FranciscoAudiencia_JoaquinPeiroPerez_ACIPrensaPor lo tanto, a pesar que ‘la cultura del Descarte’ (Papa Francisco) predomine en las nuevas generaciones, o incluso en las nuestras, no podemos dejar a un lado aquellos talentos que Dios nos da para un ejercicio recto hacia los demás. Es notorio que abusamos o nos servirnos de esos dones de manera egoísta y vana.

Es evidente que cada vez más y más personas viven en situaciones ‘límite’, es decir, de pobreza, desigualdad, injusticia, violencia o discriminación, únicamente por no “cumplir”  las exigencias que pide la ‘cultura líquida’ (Zygmunt Bauman) o globalización, para ser aceptados.

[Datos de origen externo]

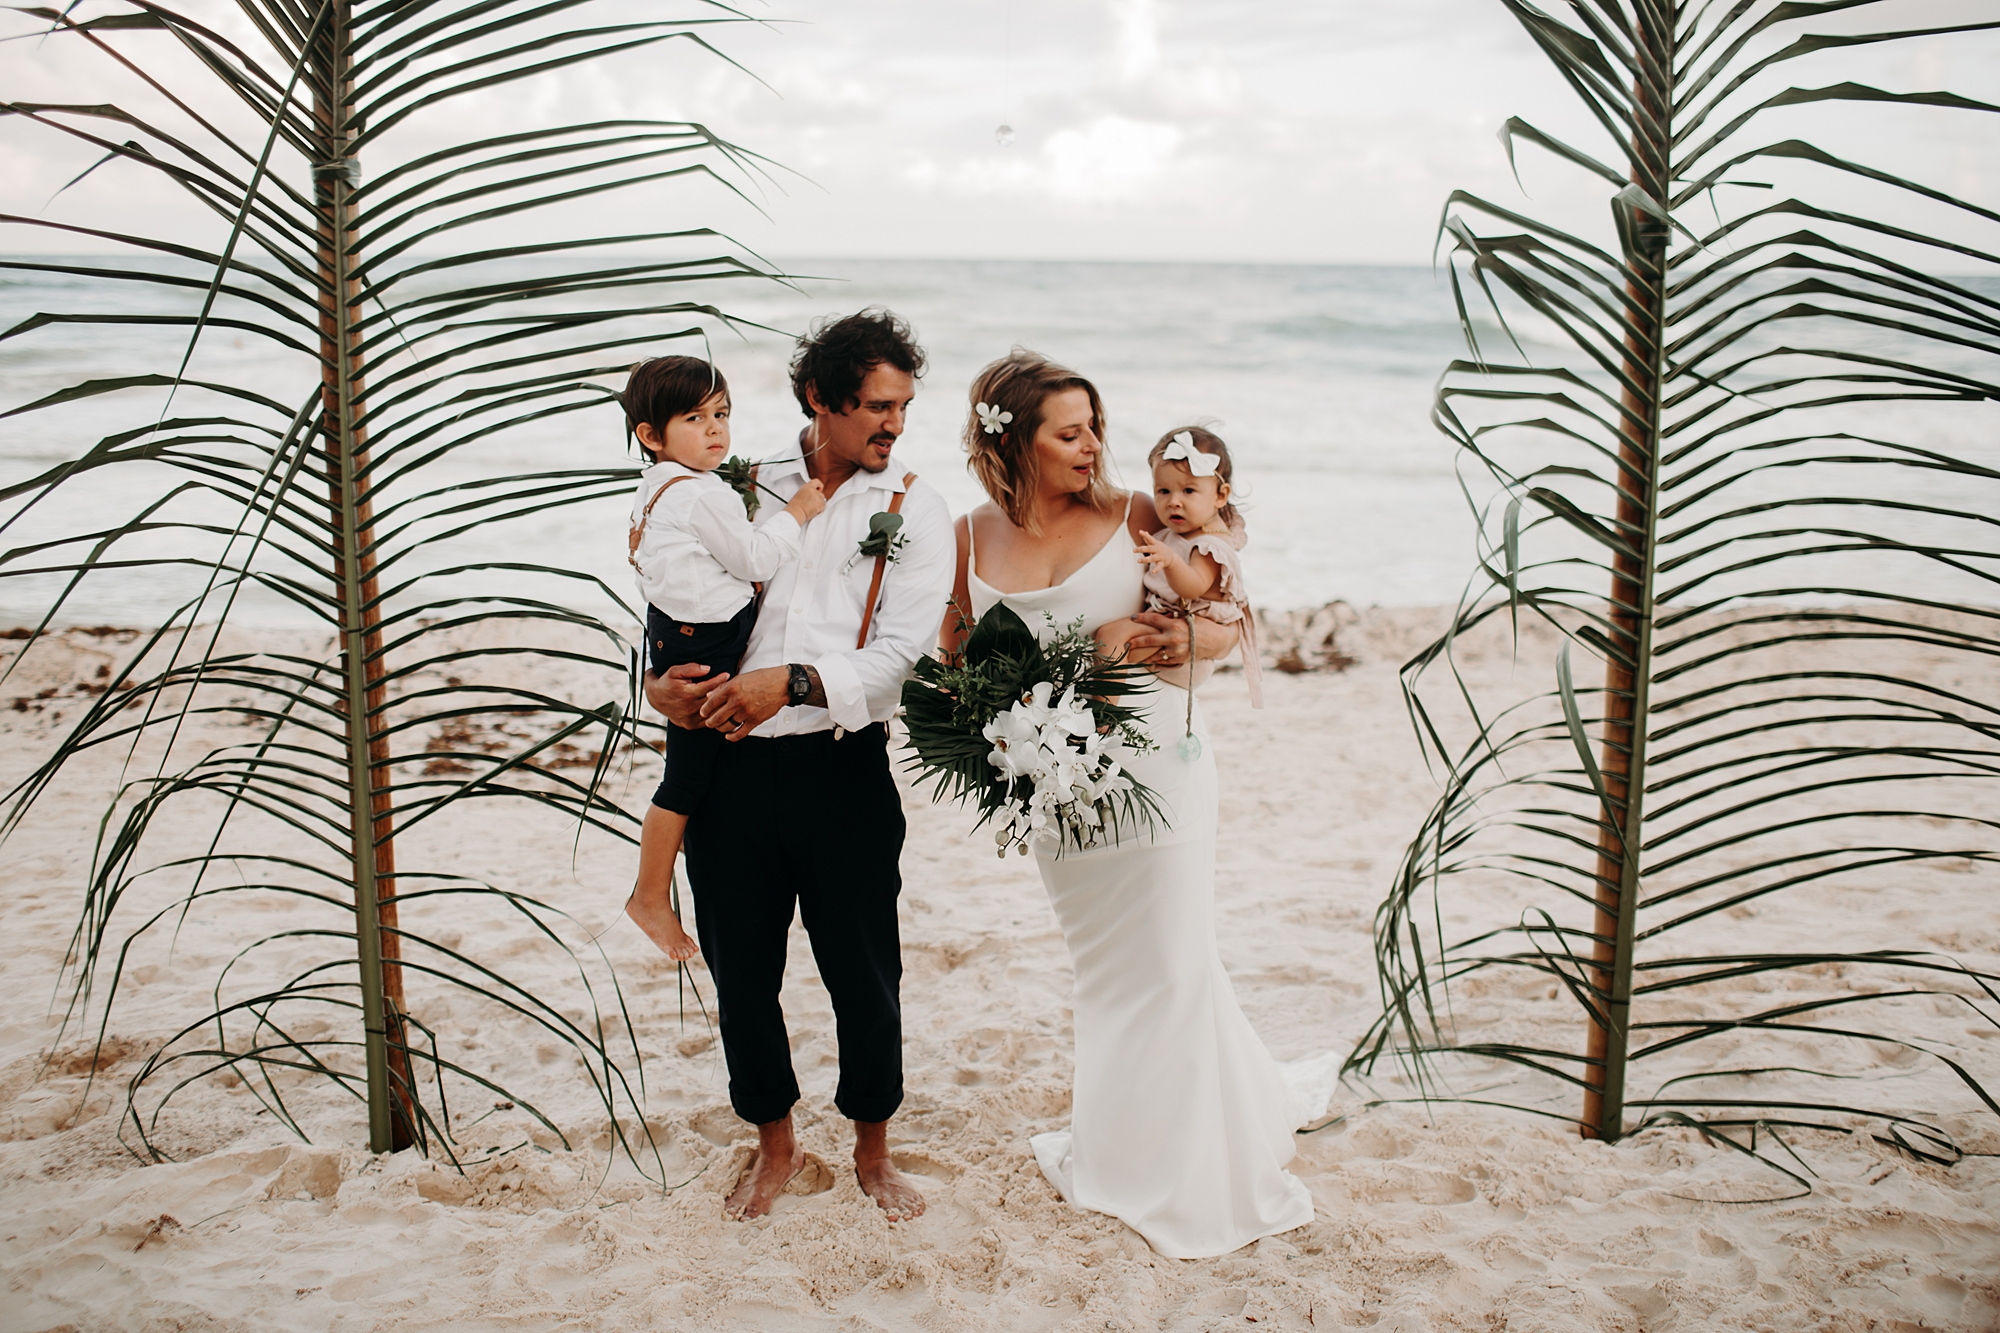 Danielle-San-Antonio-Wedding-Photographer-202_WEB.jpg
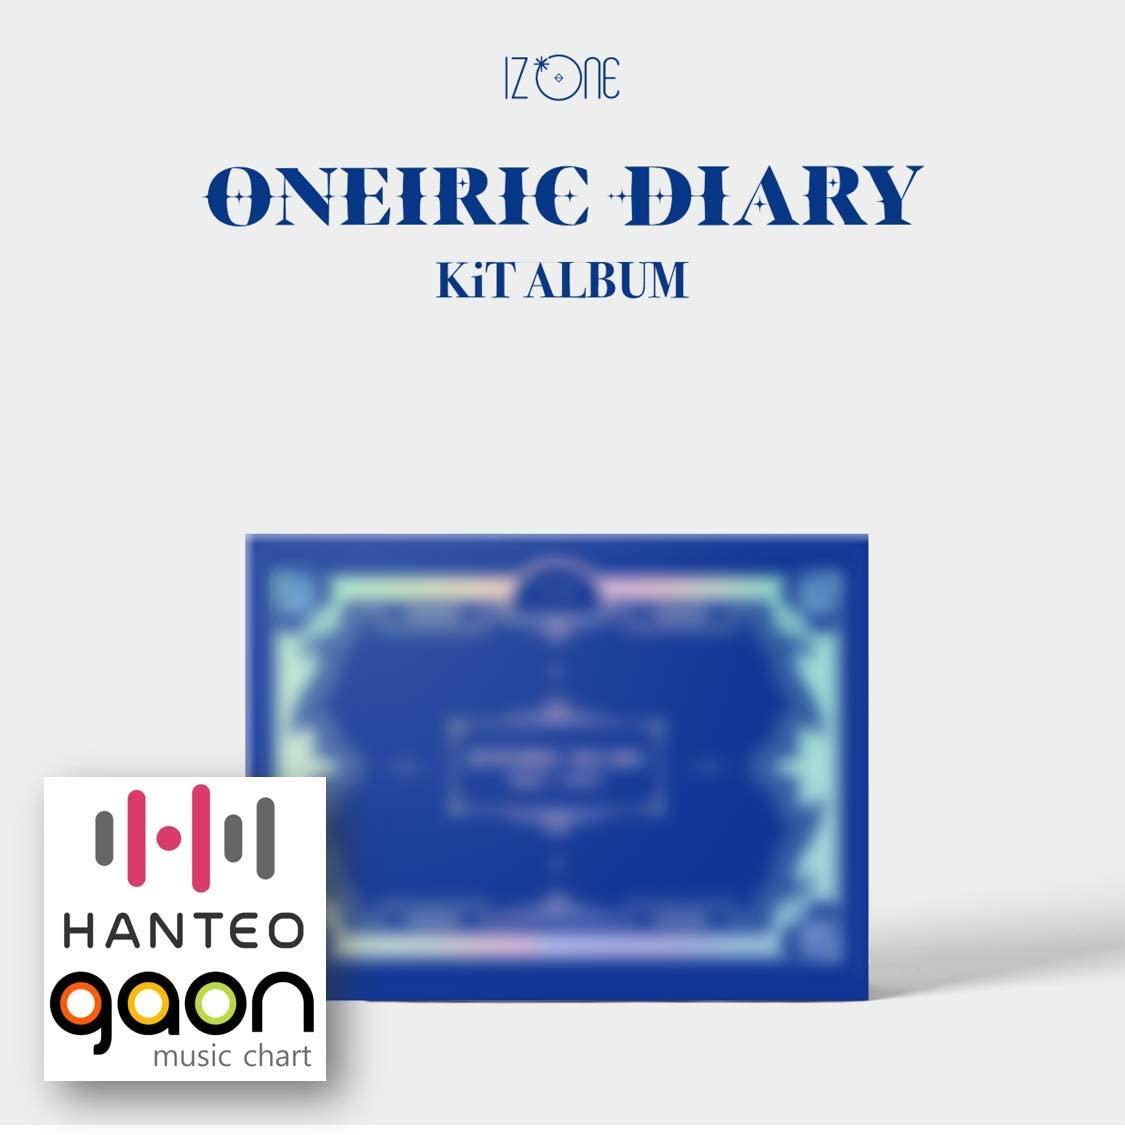 IZONE Album - Oneiric Diary 幻想日記 [Kit Album] (3rd Mini Album) [Pre Order] Album Package with Extra Decorative Sticker Set, Photocard Set

La tarea de todo bautizado es clara, poner nuestros dones al servicio de todos para crear una sociedad armónica y estable, en pocas palabras “Predicar con la vida”; y tal vez nos preguntaremos ¿Cómo puede ser esto posible? y san Pedro nos lo responde de la siguiente manera: Pongan al servicio de los demás los dones que han recibido, como buenos administradores de la gracia de Dios. El que ha recibido el don de la palabra, que la enseñe como Palabra de Dios. El que ejerce un ministerio, que lo haga como quien recibe de Dios ese poder, para que Dios sea glorificado en todas las cosas, por Jesucristo. (1 Pe 4, 10-11)

Por eso, ¡Haz como Dios y hazte hombre! (Obispo Franz Kamphaus) Es una invitación tan clara a la caridad; siendo maestros, médicos, empresarios, obreros, amas de casa, estudiantes, etc., todos estamos llamados a encarnarnos en nuestra realidad social y eclesial. Ante esto, “todos los cristianos, también los pastores, están llamados a preocuparse por la construcción de un mundo mejor. […] El pensamiento social de la Iglesia es ante todo positivo y propositivo, orienta a una acción transformadora, y en ese sentido no deja de ser un signo de esperanza que brota del corazón amante de Jesucristo.” (Papa Francisco, EG 183.)